The Intel Intrusion: When Is a Hack Just a Hack?
Feb 25, 2010 5:00 AM PT
At about the same time in January that Google reported its infrastructure had been hacked, someone broke into Intel's systems. However, unlike Google, which reported the attack publicly and ended up getting the federal government involved, Intel kept relatively quiet about its intrusion.
The only mention Intel made of the attack was in its SEC 10-K filing.
That's because the chipmaker didn't believe that anything was stolen, spokesperson Chuck Molloy told TechNewsWorld. It's not yet clear whether the attack is connected with the one on Google.
Intel's still looking into the hacking incident and says it has no evidence that anything was taken. "To the best of our knowledge at this point, we can't say that we have any specific knowledge that any intellectual property has been lost," Molloy pointed out.
The incident was not out of the ordinary, Molloy said "We see hacks all the time," he added. "We have a very accomplished team of security experts who try and make sure that we don't lose any intellectual property and that our systems are secure."
Because of the apparent routine nature of the attack, Intel didn't go public with the news but did disclose it in its SEC 10-K filing as a risk factor. Other risk factors in the filing include fluctuations in demand, the high percentage of costs in semiconductor firms' business outlays, and competition.
"Did we hide the fact that we'd been attacked? No," Molloy said. "Did we disclose it as a risk factor? Yes. It's the unfortunate reality in today's environment that companies are attacked on a regular basis."
Indeed they are; the Federal Trade Commission has issued a warning to about 100 companies that their files may have been compromised through sharing on P2P networks, for example.
In fact, 75 percent of all enterprises were hit by hackers in the past 12 months, according to security research firm Symantec, and 41 percent of them said the attacks were effective to some extent. The information, revealed in Symantec's 2010 State of Enterprise Security Report, was gleaned from interviews with 2,100 enterprises worldwide.

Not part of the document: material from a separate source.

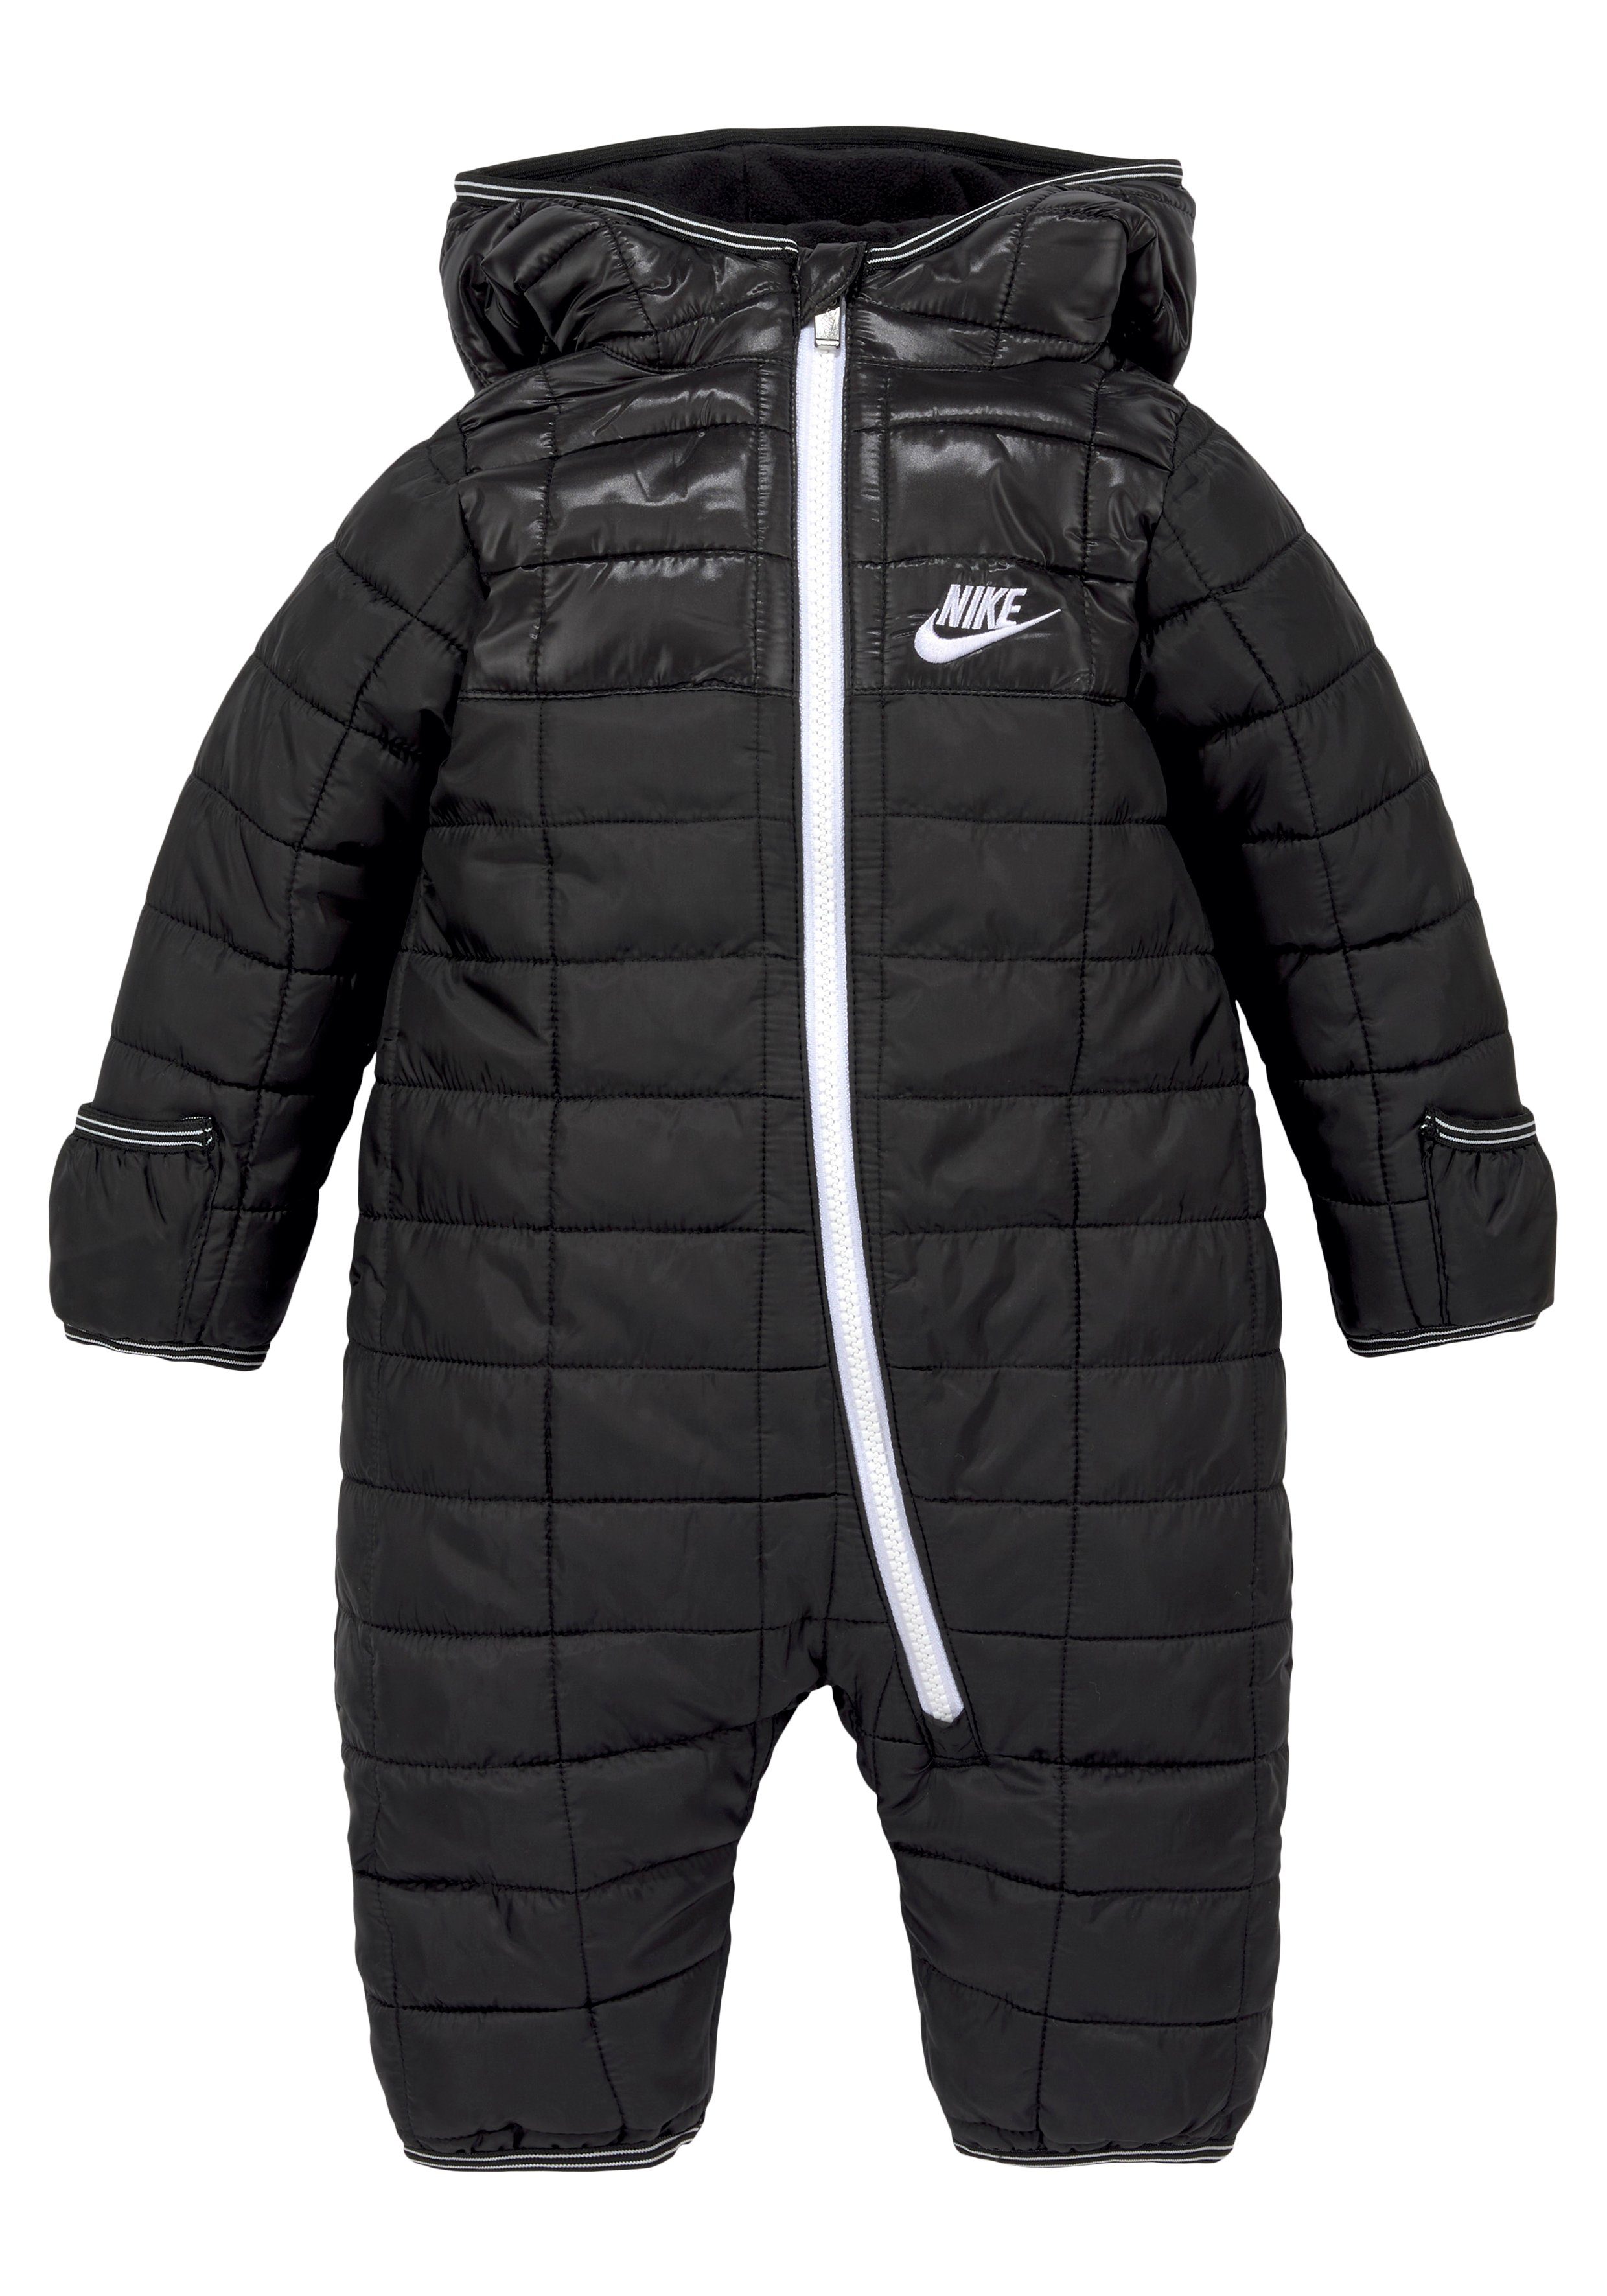 Nike Sportswear Schneeoverall COLORBLOCK schwarz SNOWSUIT

Did Aurora's Light Shine on Intel?
Whether or not the hack was related to the one that hit Google has not yet been established. "We didn't say at the time that it was the same hack as Google," Molloy said. However, he wouldn't rule out that possibility.
The attack on Google also targeted at least 20 other large U.S. companies doing business in China. McAfee has named the attack "Operation Aurora" and described it as being highly sophisticated. There's been much speculation about the authors of the attack, which exploited a zero-day flaw in the Internet Explorer browser. Suspects range from hackers in China and Taiwan to students at two Chinese educational institutions to. Lately, a freelance security consultant in China has come under scrutiny.
As a result of the attack, Microsoft was forced to patch the IE flaw, and France and Germany suggested their citizens discontinue use of IE, at least temporarily. Google then reportedly brought in the National Security Agency to investigate the attack, sparking privacy concerns. The hack has also led to a war of words between the government of China and some high-ranking members of the U.S. government.
Targeted attacks against corporations and government sites are fairly frequent. One recent series of attacks, the work of the Kneber botnet, extensively compromised commercial and government systems.
Currently, the Senate is holding hearings on the U.S. Cybersecurity Amendment Act of 2009, which seeks to establish research into cyberattacks and how to implement cybersecurity education programs, among other things. The act, H.R. 4061, was overwhelmingly passed by the House of Representatives earlier this month.